Marriage is a curious contract that is both a labour union and a union of capital, which usually ends up creating a larger labour pool over time. ‘Arranging’ the marriages of suitable men and women has been the done thing for centuries if not millennia among large numbers of people. Finding a spouse involves heavy search costs no matter how you go about it and failed relationships constitute a significant sunk cost too. (Though apparently, people can learn from their failures. As Douglas Adams said it, “You live and you learn. At any rate, you live.”) There’s also significant information asymmetry involved – marriage is a serious affair after all, and you need to know a good amount of details any potential spouse before entering into such a contract. Further, in large families, it wasn’t just two individuals who got married, but two households.

“Arrangements” were an ideal solution to the marriage market, and it can be argued that arranged marriages provided better outcomes. Extended families and networks solved the search cost challenge, and the same networks could also solve the information asymmetry challenge – of whether the spouses were well off, were from “good families” and more.

I would argue that in the marriage market in India today, two things have happened: one, that the nature of information asymmetry has significantly changed; and two, that the arranged marriage market has become a market for lemons.

The nature of information asymmetry has changed because people look for different things in spouses – for shared interests, temperaments, greater personal compatibility and more. While financial and familial backgrounds may still matter, the asymmetry in that information is usually more readily solved. Traditional arranged marriage market mechanisms and networks fail to provide symmetry in the new kinds of information, and this makes the arranged market start failing. Also, this is happening in parallel with dating and other competing mechanisms that are making new marriage markets.

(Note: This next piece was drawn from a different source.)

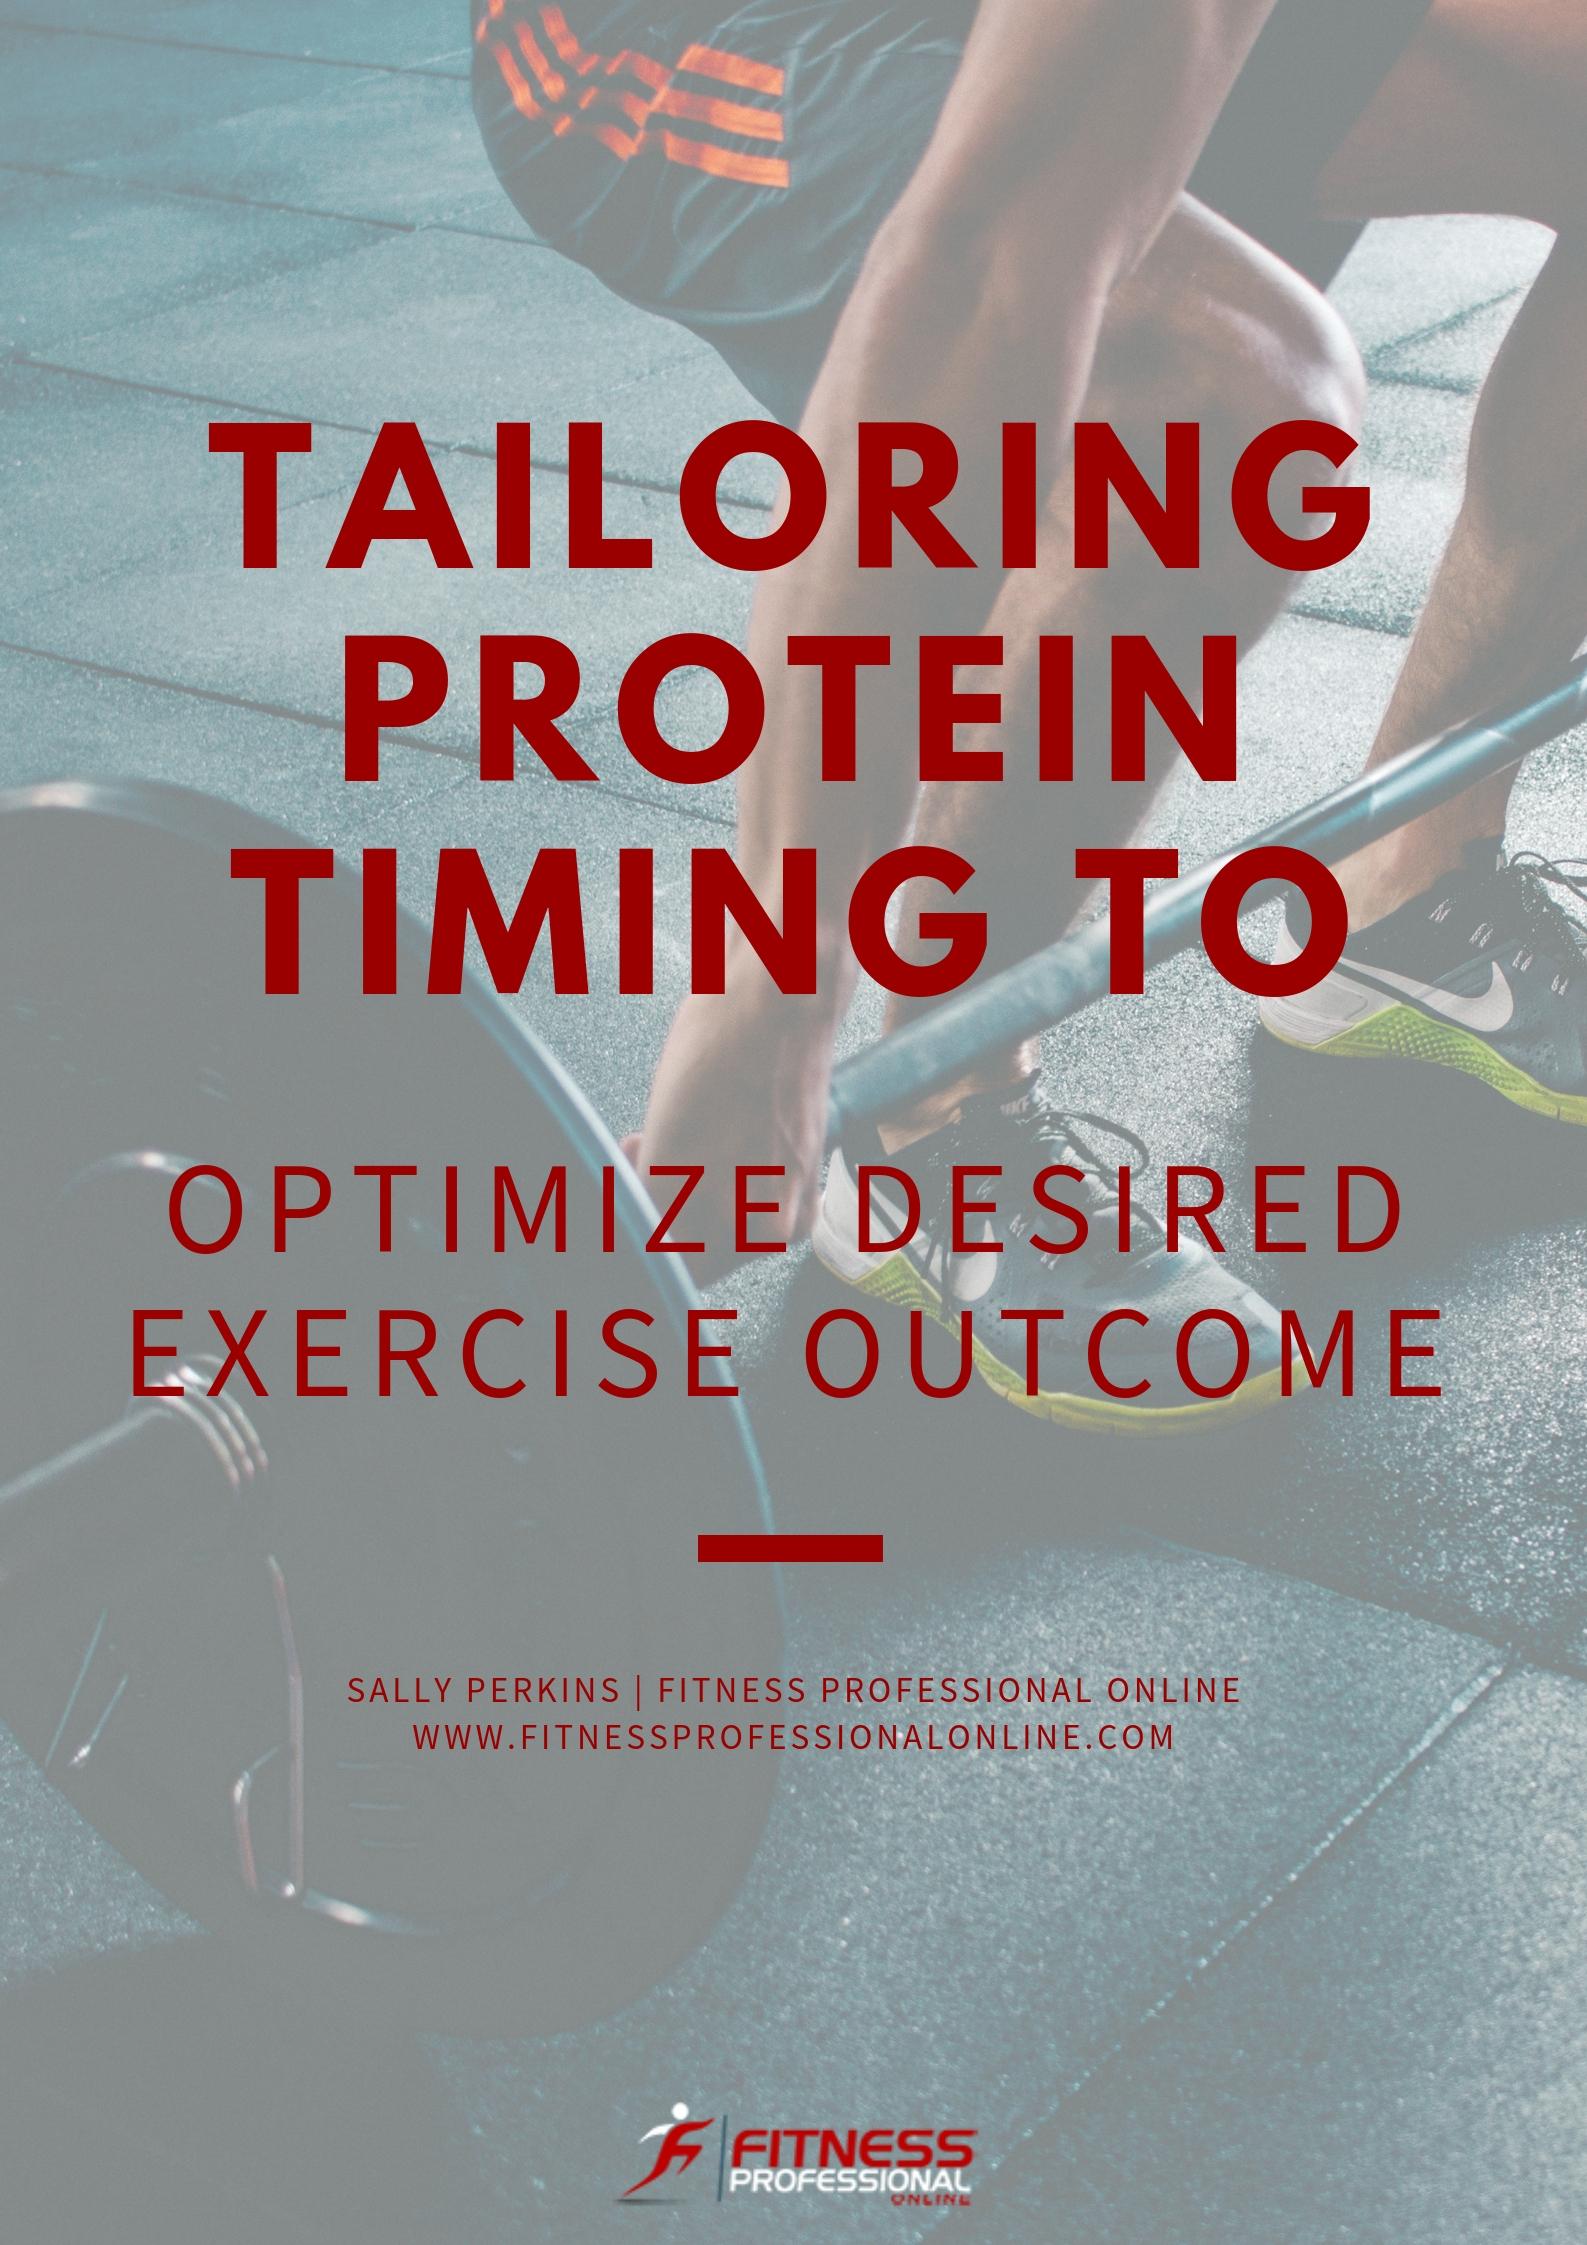 Sensible protein consumption is, without any doubt, one of the best ways to get the most out of every single exercise session.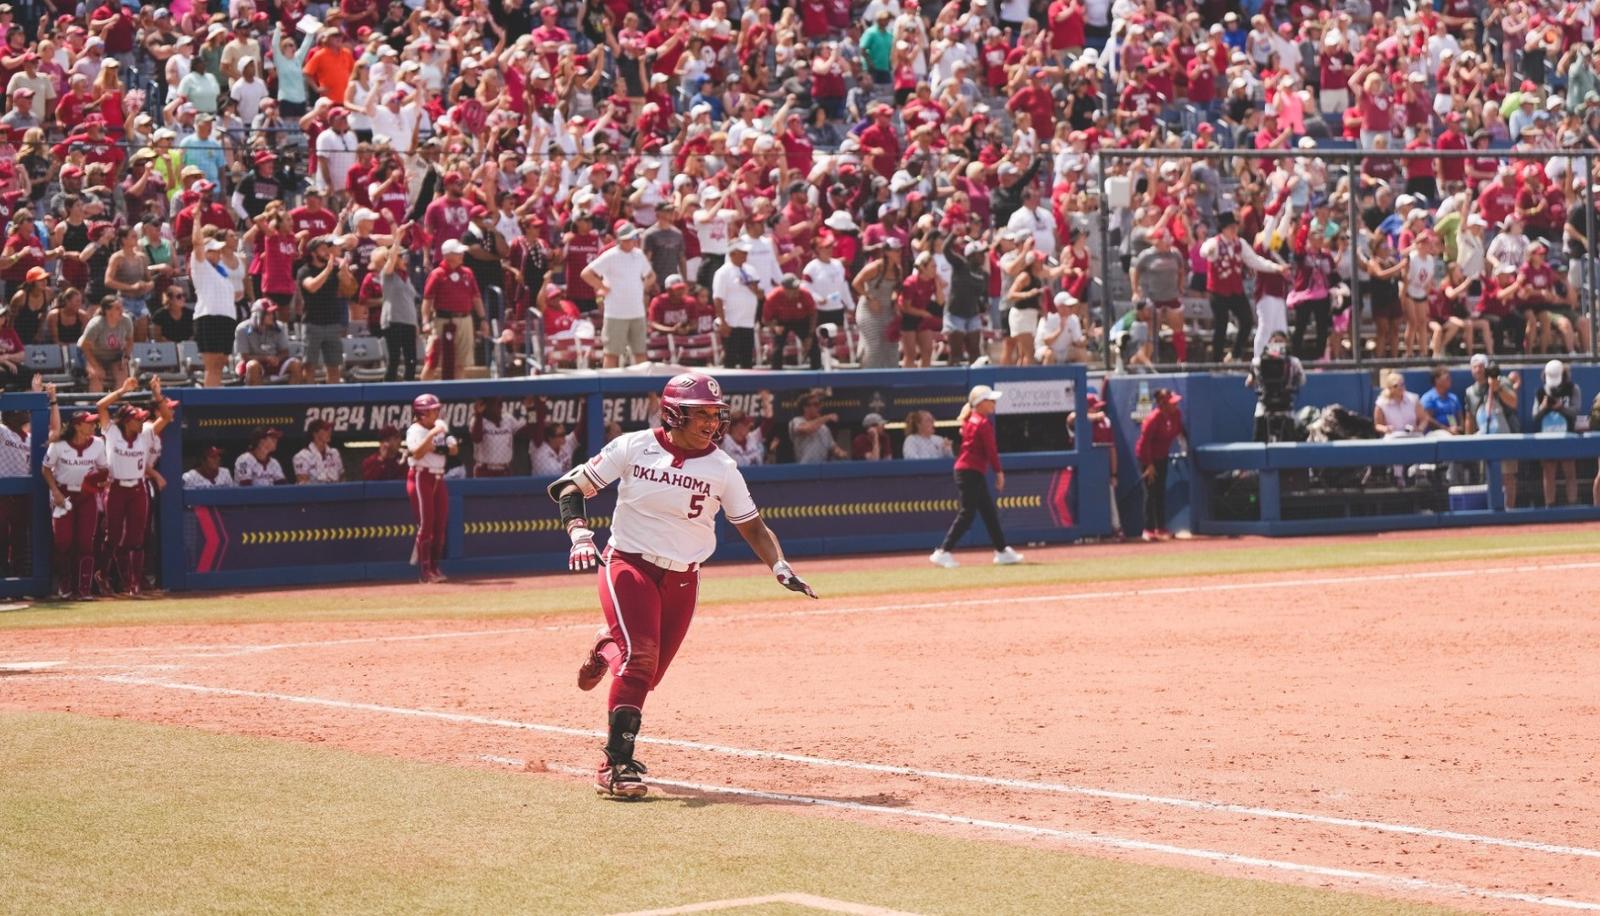 Oklahoma Sooners Take 1-0 Lead in Women's College World Series Championship Series Against Texas Longhorns

So this means that a “good” partner is unable to differentiate themselves from a “bad” partner in an arranged marriage market – and the lack of differentiation results in an overall devaluation of the “goodness” of a partner or a match. As the more high-value partners and people start moving out of the arranged marriage market to others, you are increasingly left with people who continue in the arranged marriage market because of poor choice – with them being adversely selected. Thus arranged marriage markets can become markets for lemons.

This is not to say that it’s impossible to have a happy arranged marriage these days. Nor is it inconceivable that both technology and society can evolve new ways of disrupting markets for lemons. The classic lemon market, that of second-hand cars in the US, is now a thriving one where information asymmetry is a thing of the past.